The National Cadet Corps (NCC) was a college and school-based programme for providing military-style training to students in Pakistan, under the auspices of the Pakistan Army. It was a component of the National Guard (a reserve force of the Pakistan Army), and was similar to the British Officers' Training Corps and Army Cadet Force.

==History==
The Government of Pakistan formed a committee to prepare the groundwork for establishing a National Cadet Corps in 1947. The government confirmed an intention to raise the Corps in September 1950. The aim was to organise college battalions composed of students, with college staff holding officer positions. Initially it operated only in West Pakistan but by 1952 it was being considered for expansion to East Pakistan, and had formed junior and senior sections, although a women’s section was not formed.

By 1960 the intention was for the Corps to have a strength of 20,000 members. A 1960 commission on education, set up by the government, recommended creating an Army-controlled directorate to organise the Corps more effectively. It also recommended separate sections men’s and women’s sections for each of the three military services. Although the 1962 East Pakistan Annual indicated that funding had been made available for a Corps there, it is unclear whether the proposed expansion to East Pakistan was implemented because a national budget for 1964 referred to the "West Pakistan National Cadet Corps Scheme".
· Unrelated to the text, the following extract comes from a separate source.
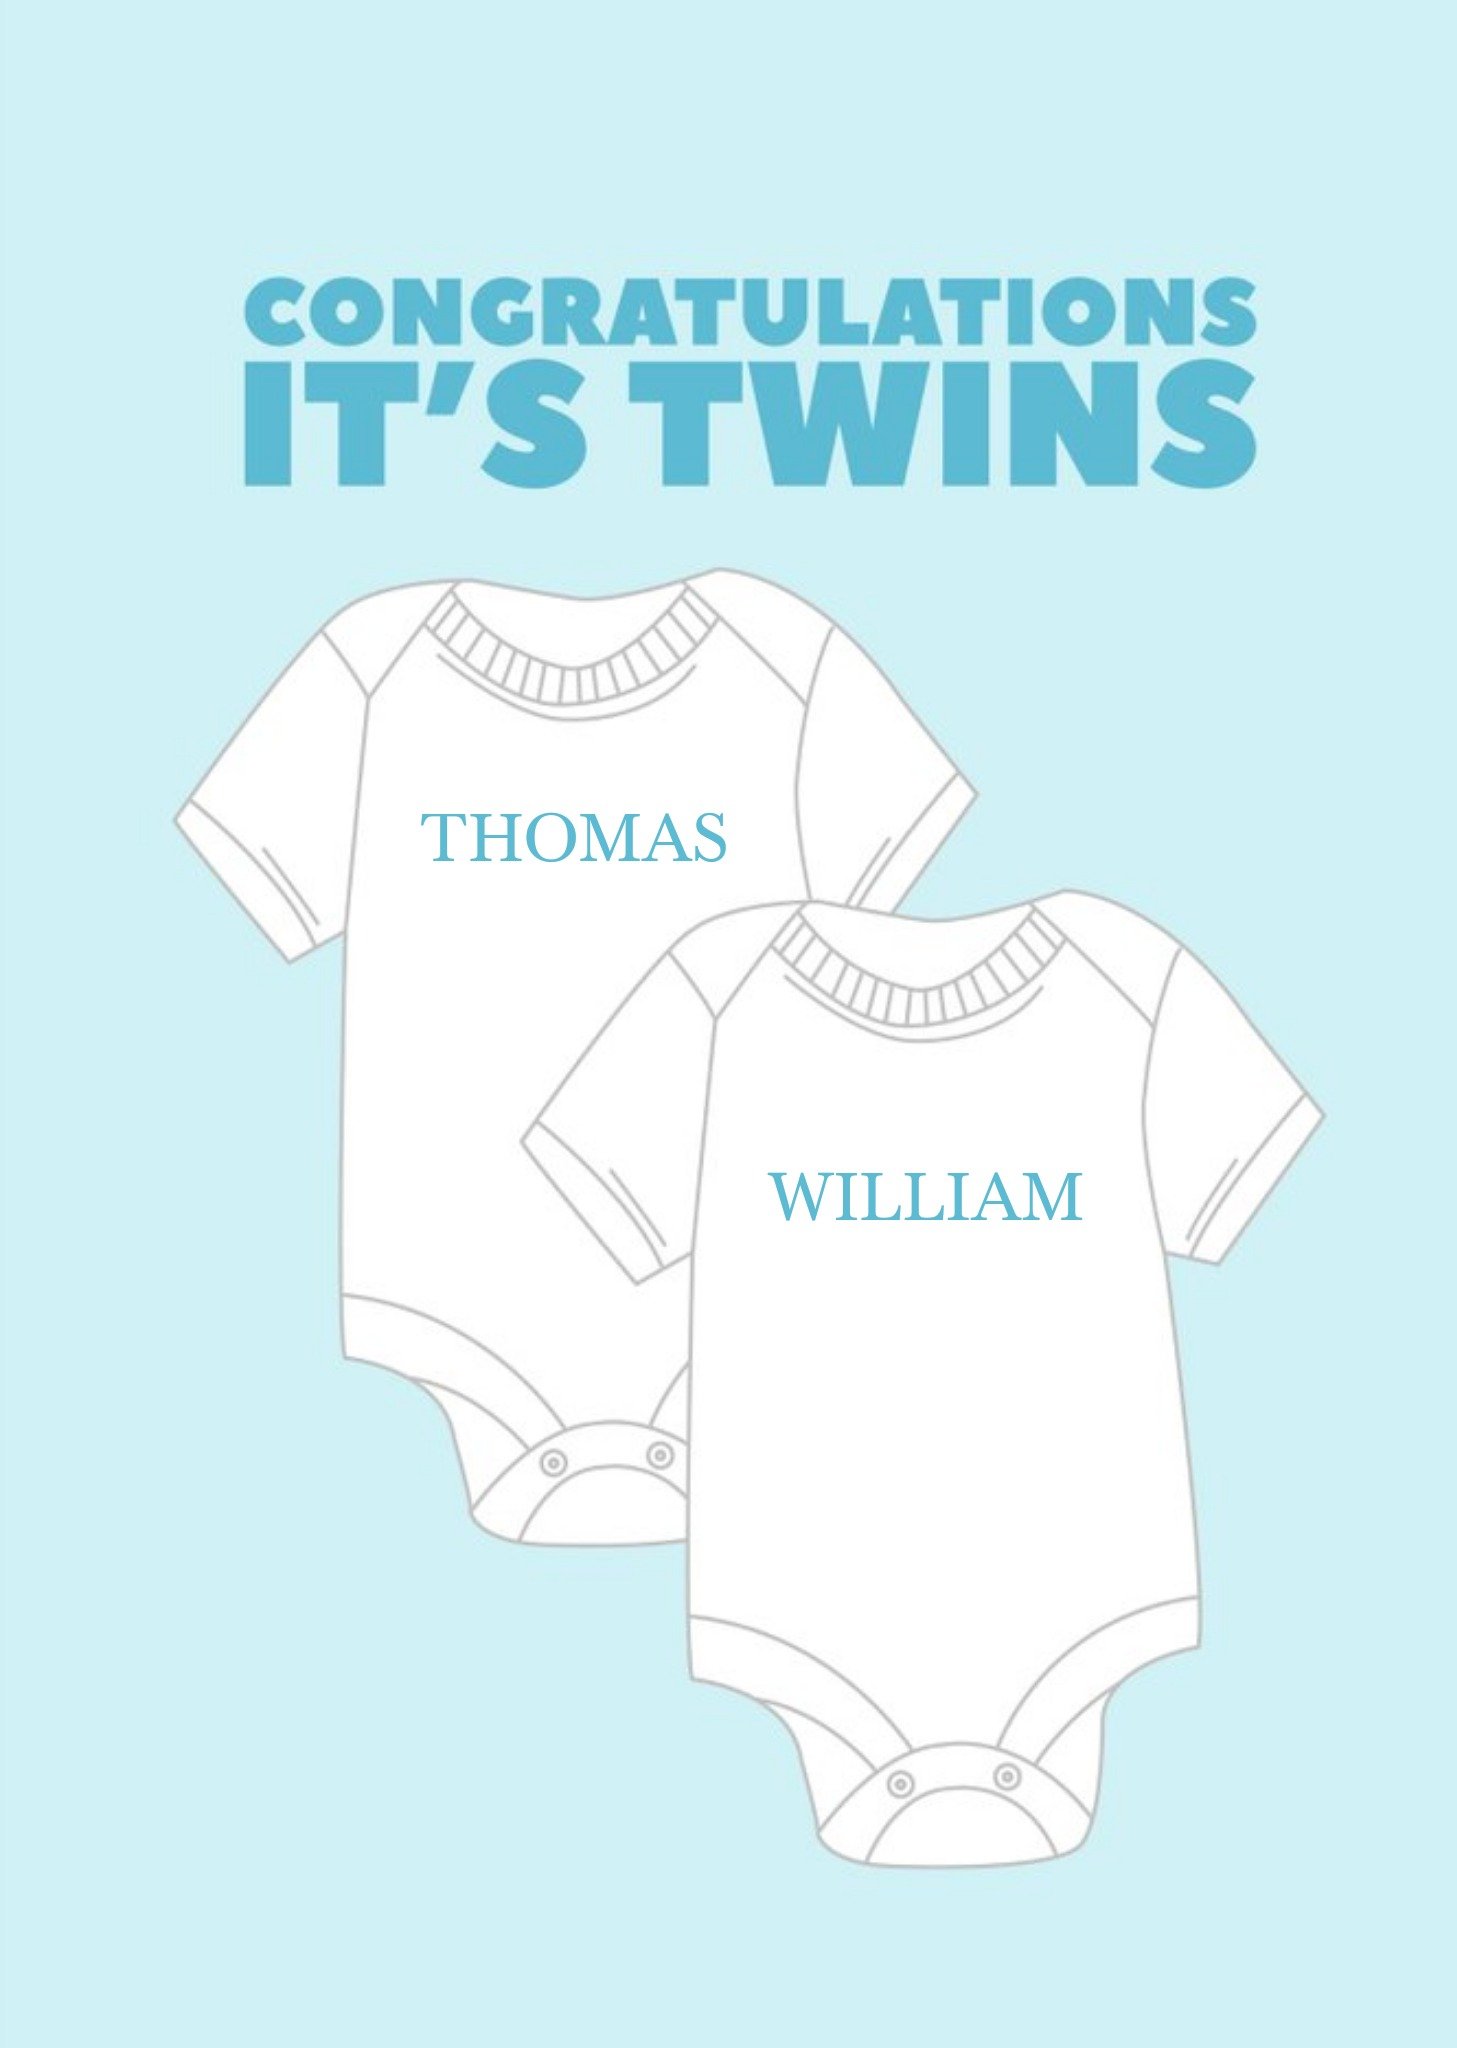 Moonpig Pearl And Ivy Illustrated Baby Grow Twins Congratulations Card, Large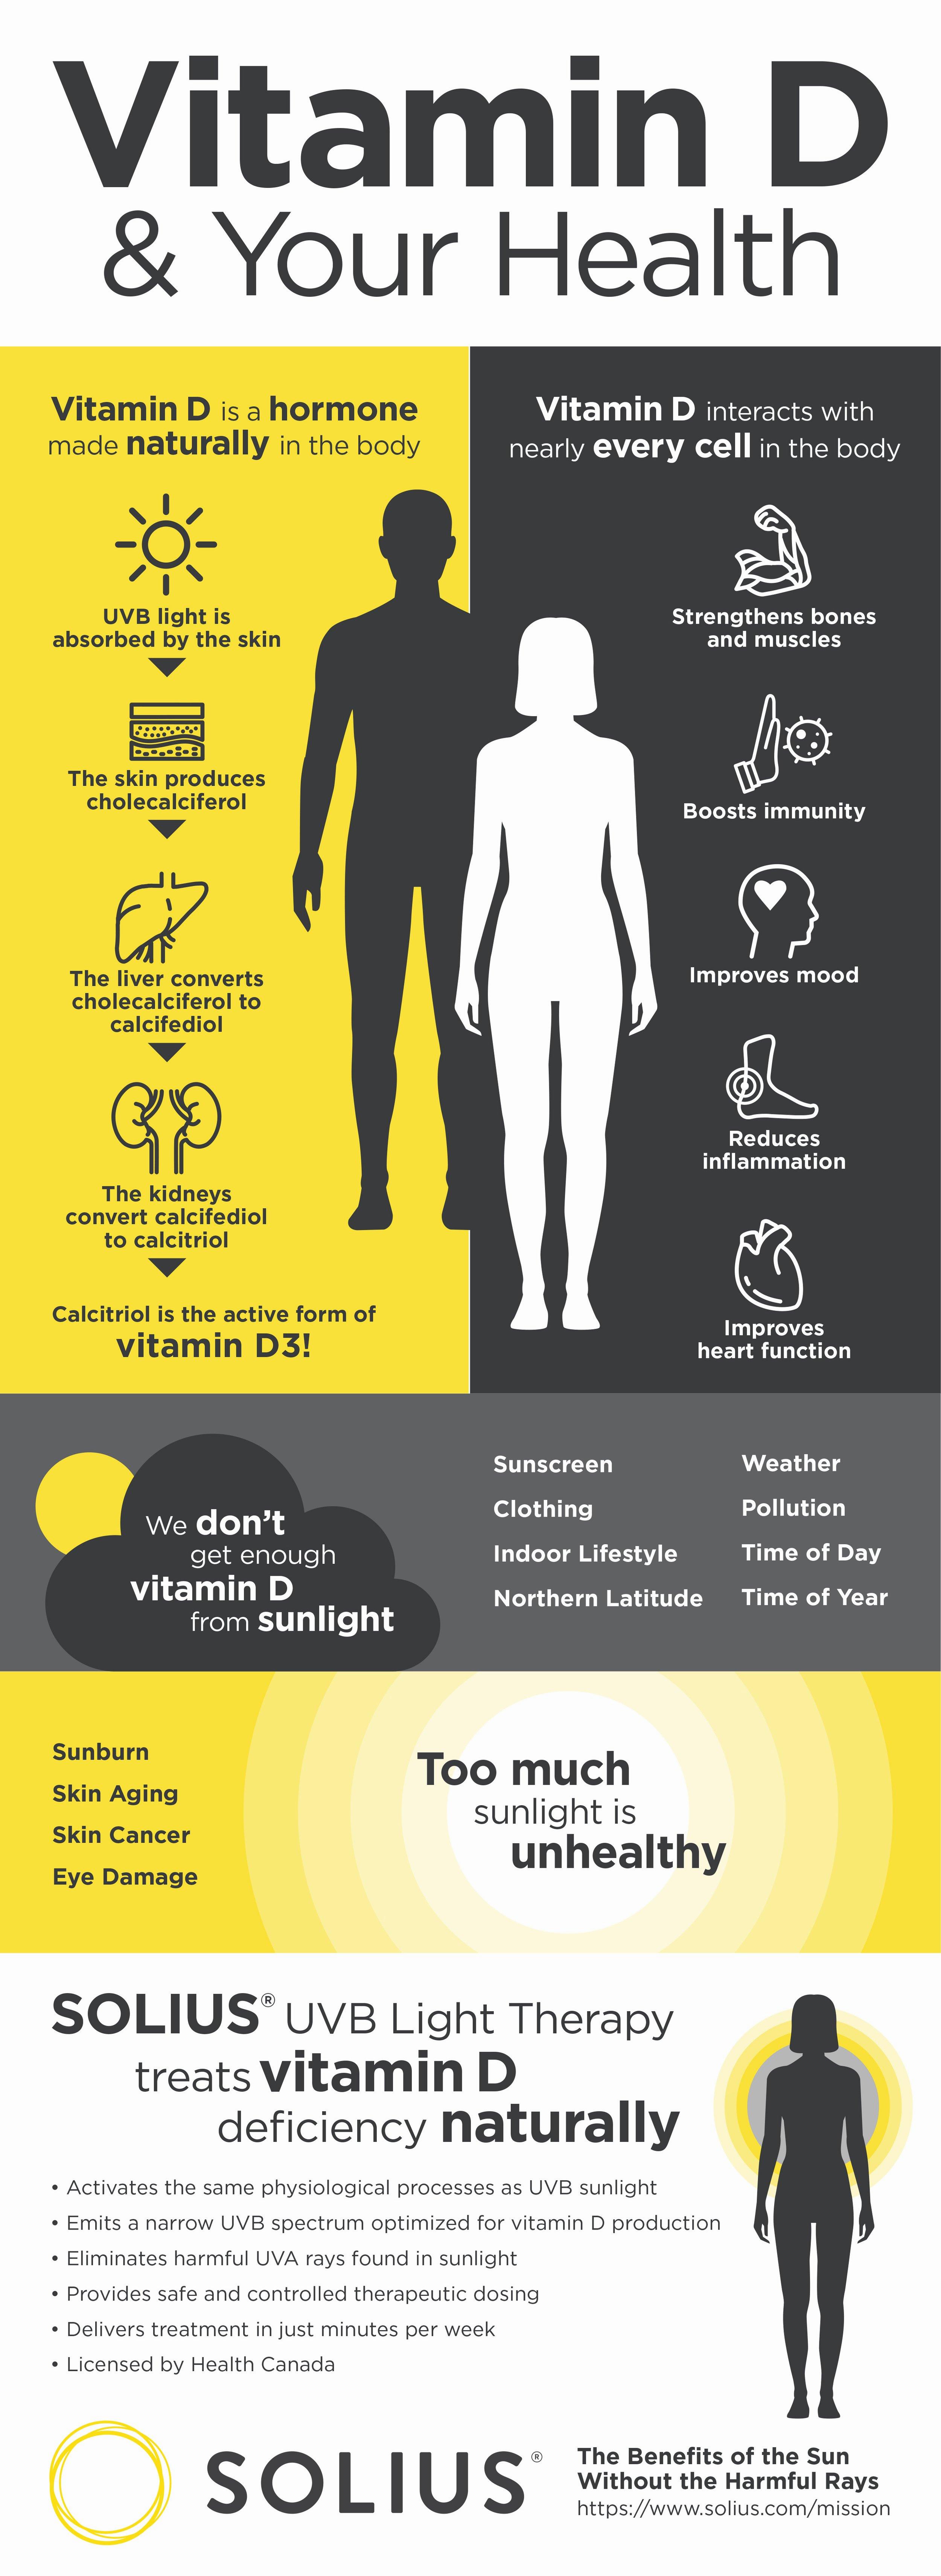 The image is about the benefits of vitamin D and how sunlight helps the body produce it, and the negative effects of too much sunlight.

It was officially merged into the National Guard when that force was expanded in 1972 in response to the secession of East Pakistan as the independent country of Bangladesh in 1971. The recruitment criteria in 1973 were for male college students and staff in good health, who would be subject to military law while they were part of the Corps. The training included annual military-style camps and one of the benefits of successfully completing the training was preferential treatment for government jobs. By 1977 the Corps was operational in most degree colleges in the country.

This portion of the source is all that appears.